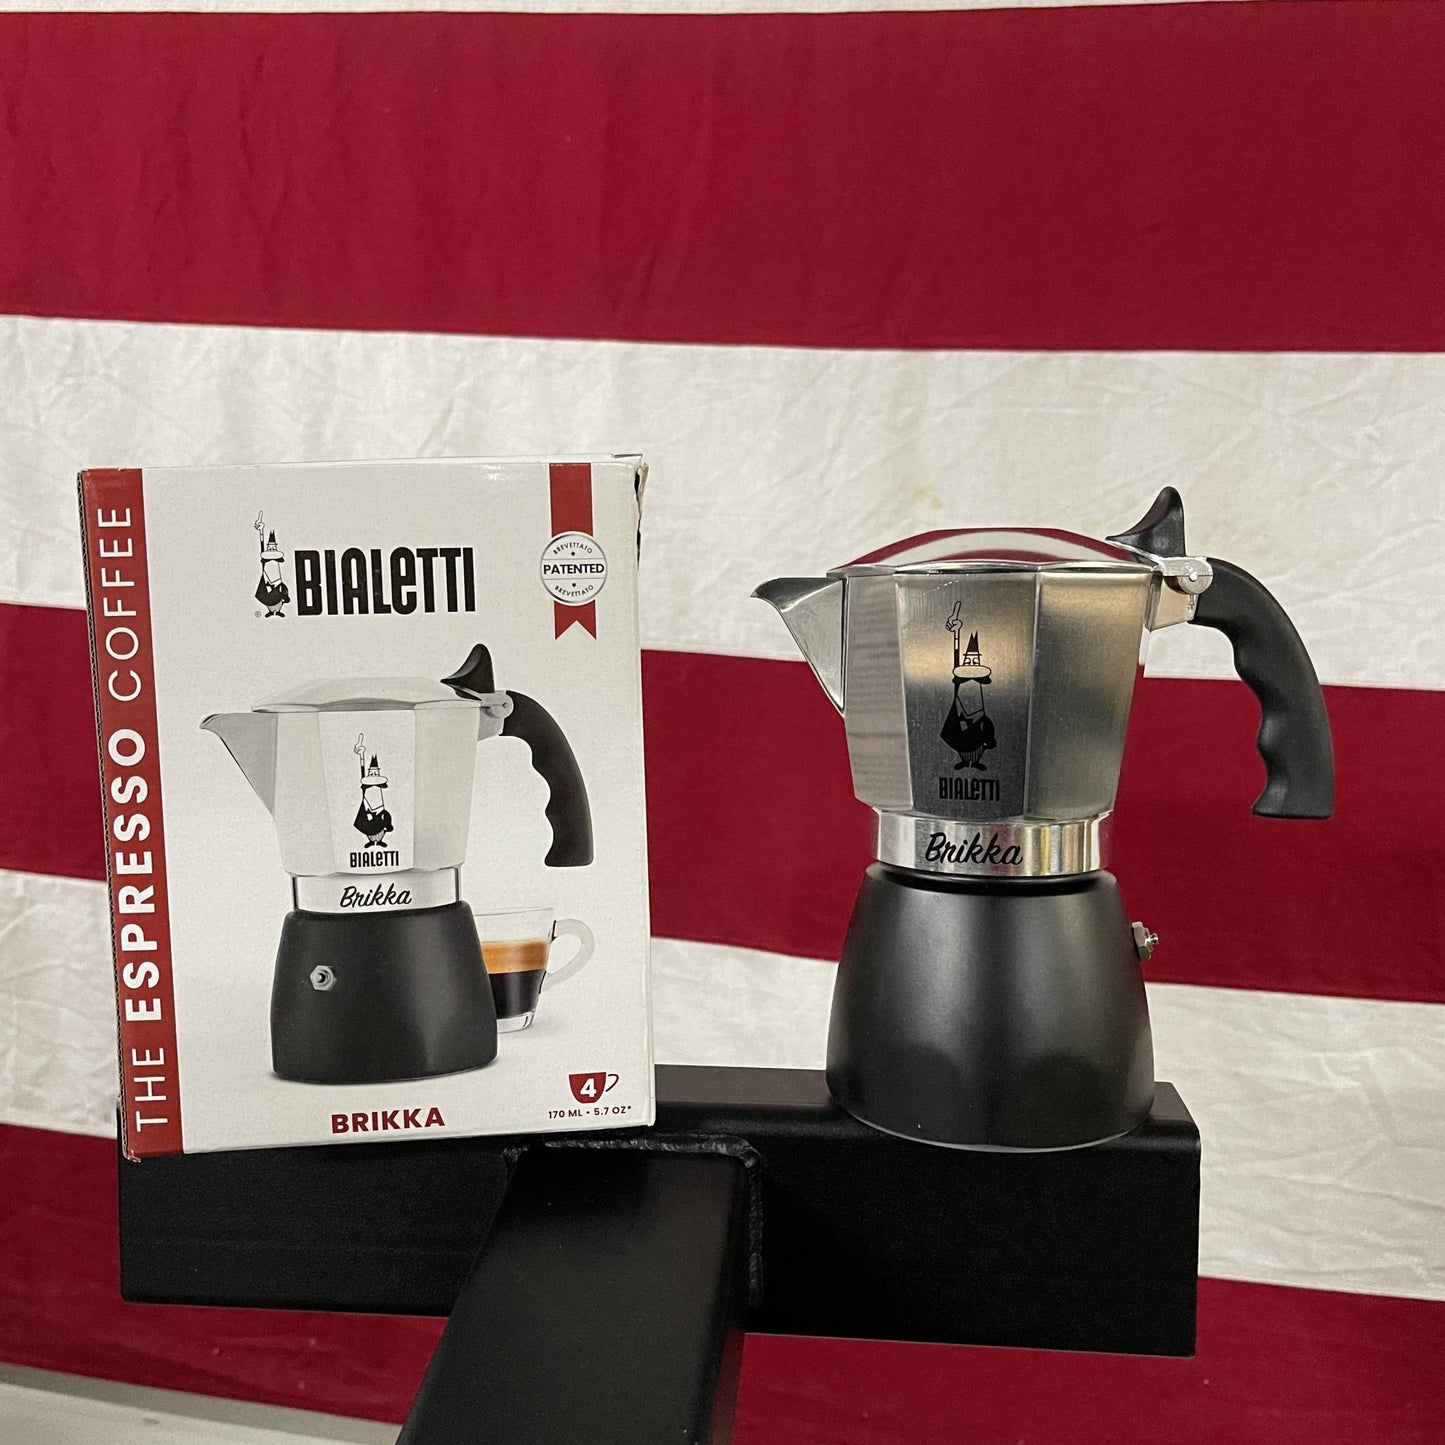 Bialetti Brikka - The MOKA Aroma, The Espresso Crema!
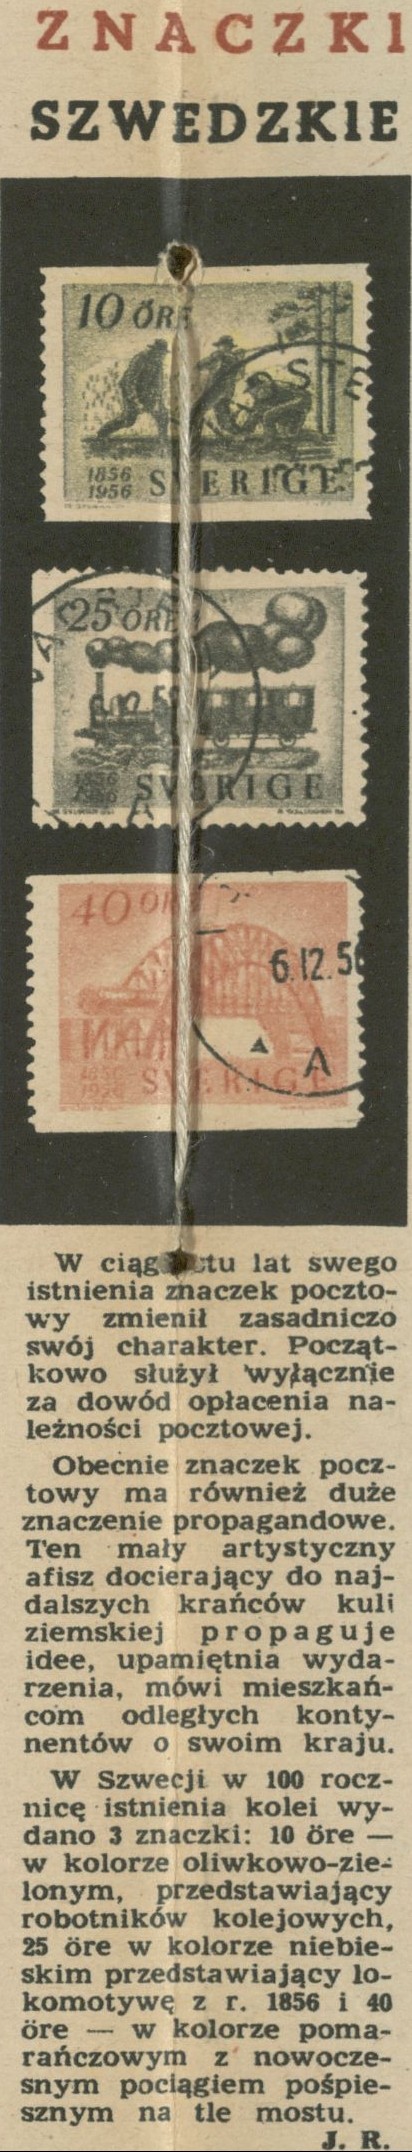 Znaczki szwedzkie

---

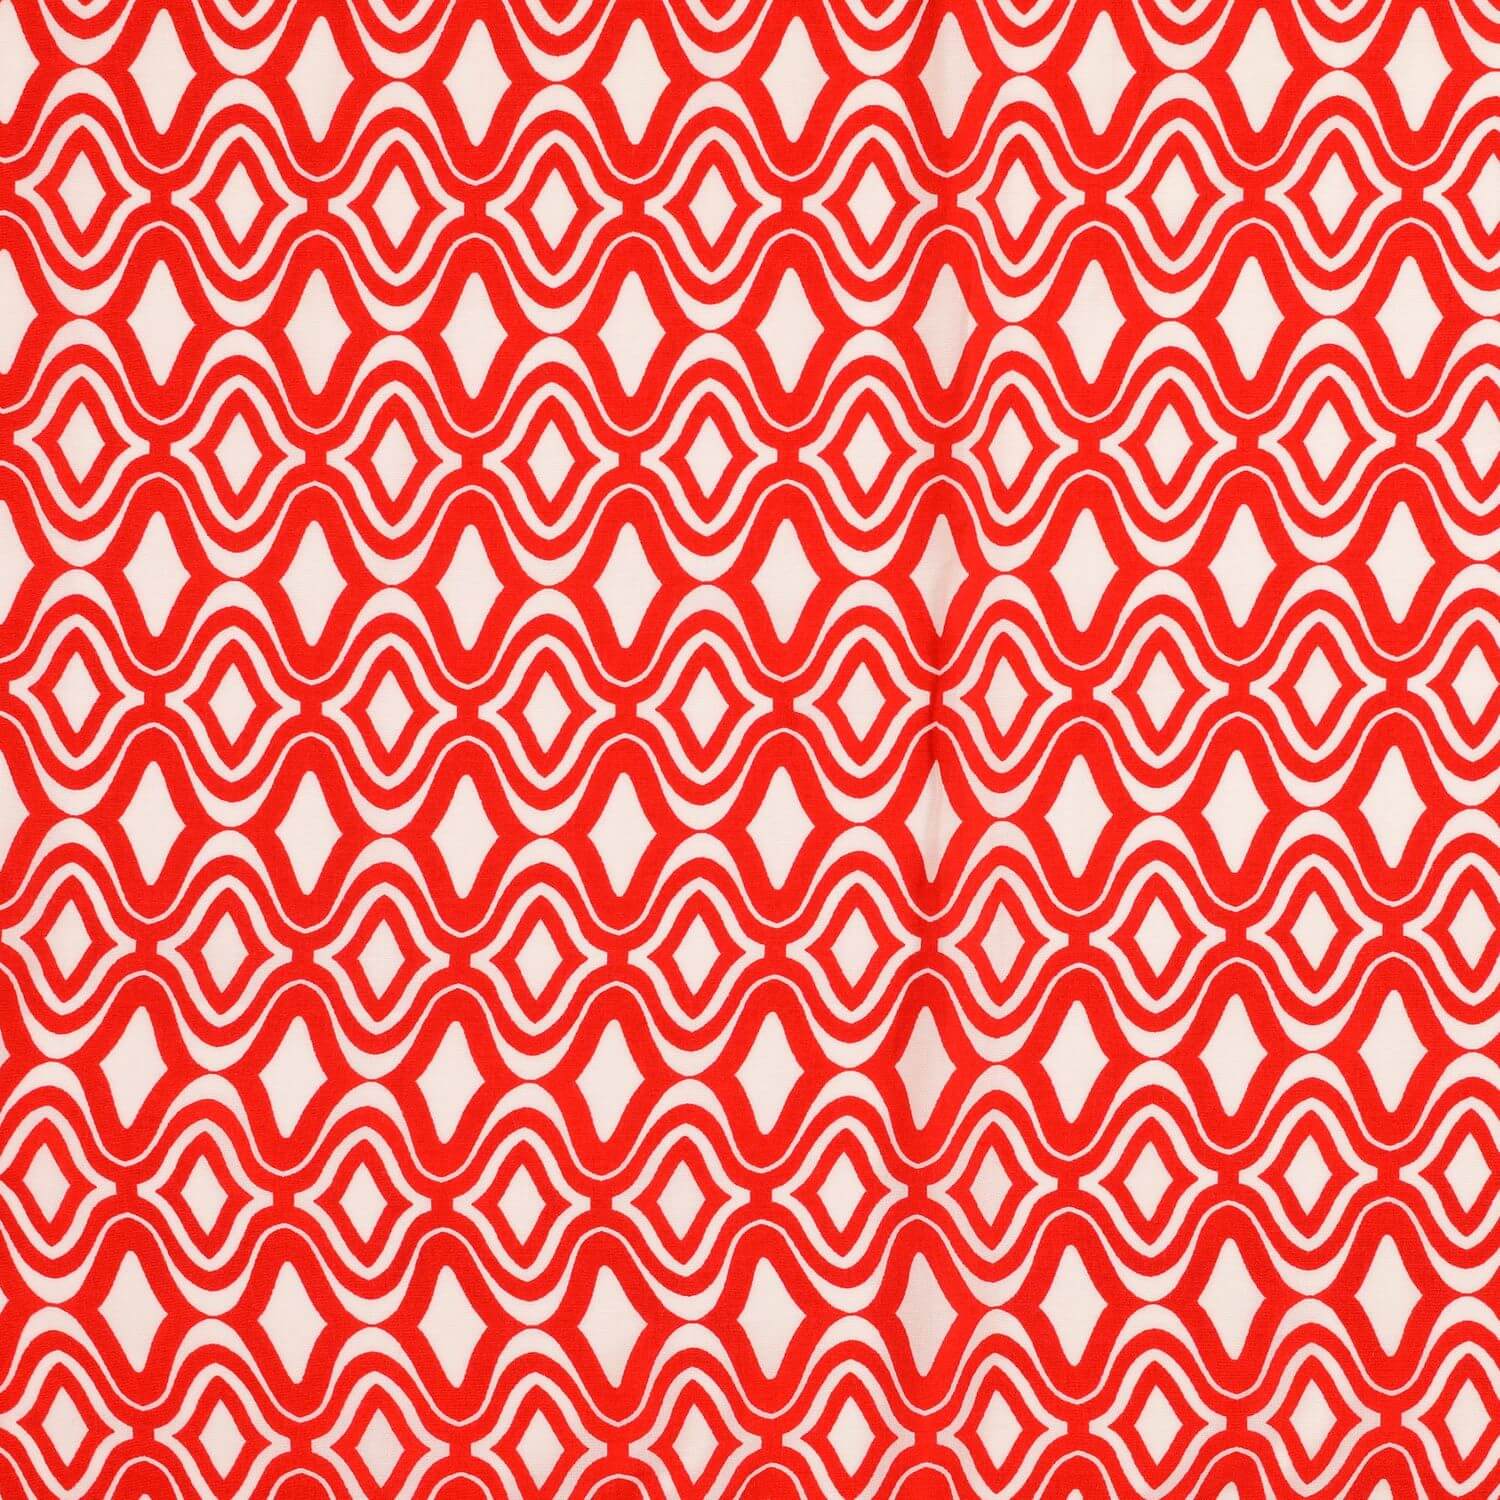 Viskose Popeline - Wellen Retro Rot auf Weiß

==

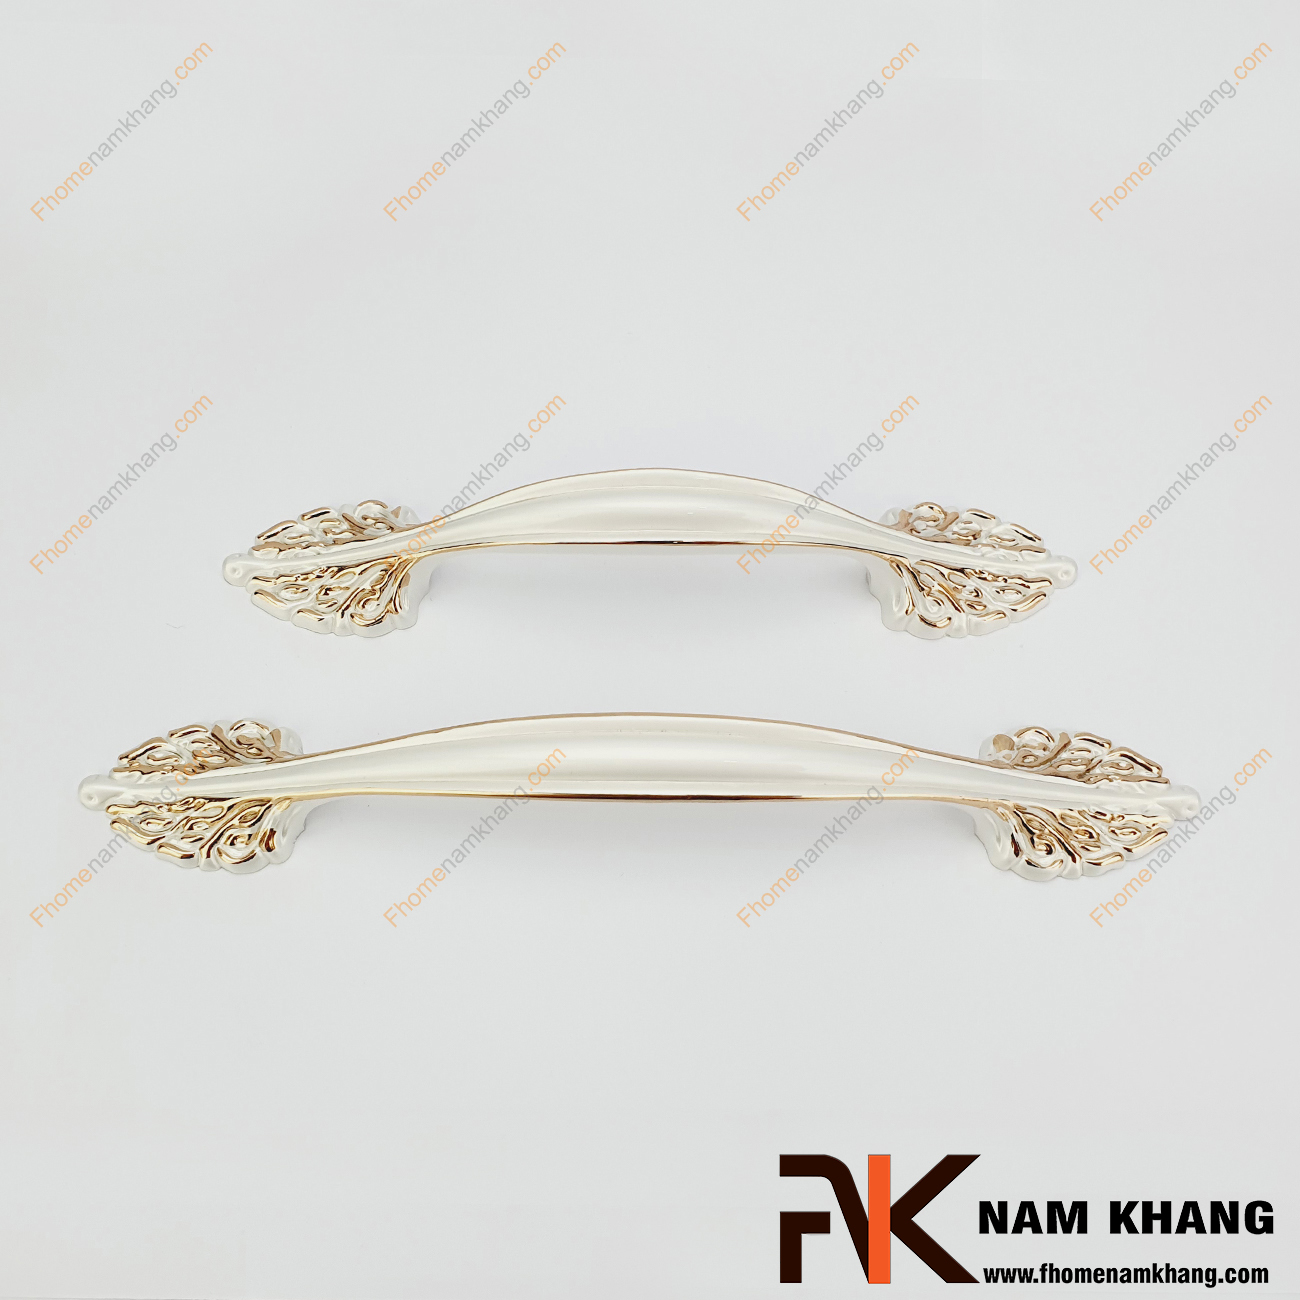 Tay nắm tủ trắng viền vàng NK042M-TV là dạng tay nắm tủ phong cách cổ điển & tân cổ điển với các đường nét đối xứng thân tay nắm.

Task statement:
Leaving out each picture, repeat exactly the lines above from the one that contains "Bialetti Brikka - The" through the one that contains "Znaczki szwedzkie".

Answer section:
 Bialetti Brikka - The MOKA Aroma, The Espresso Crema!
 Znaczki szwedzkie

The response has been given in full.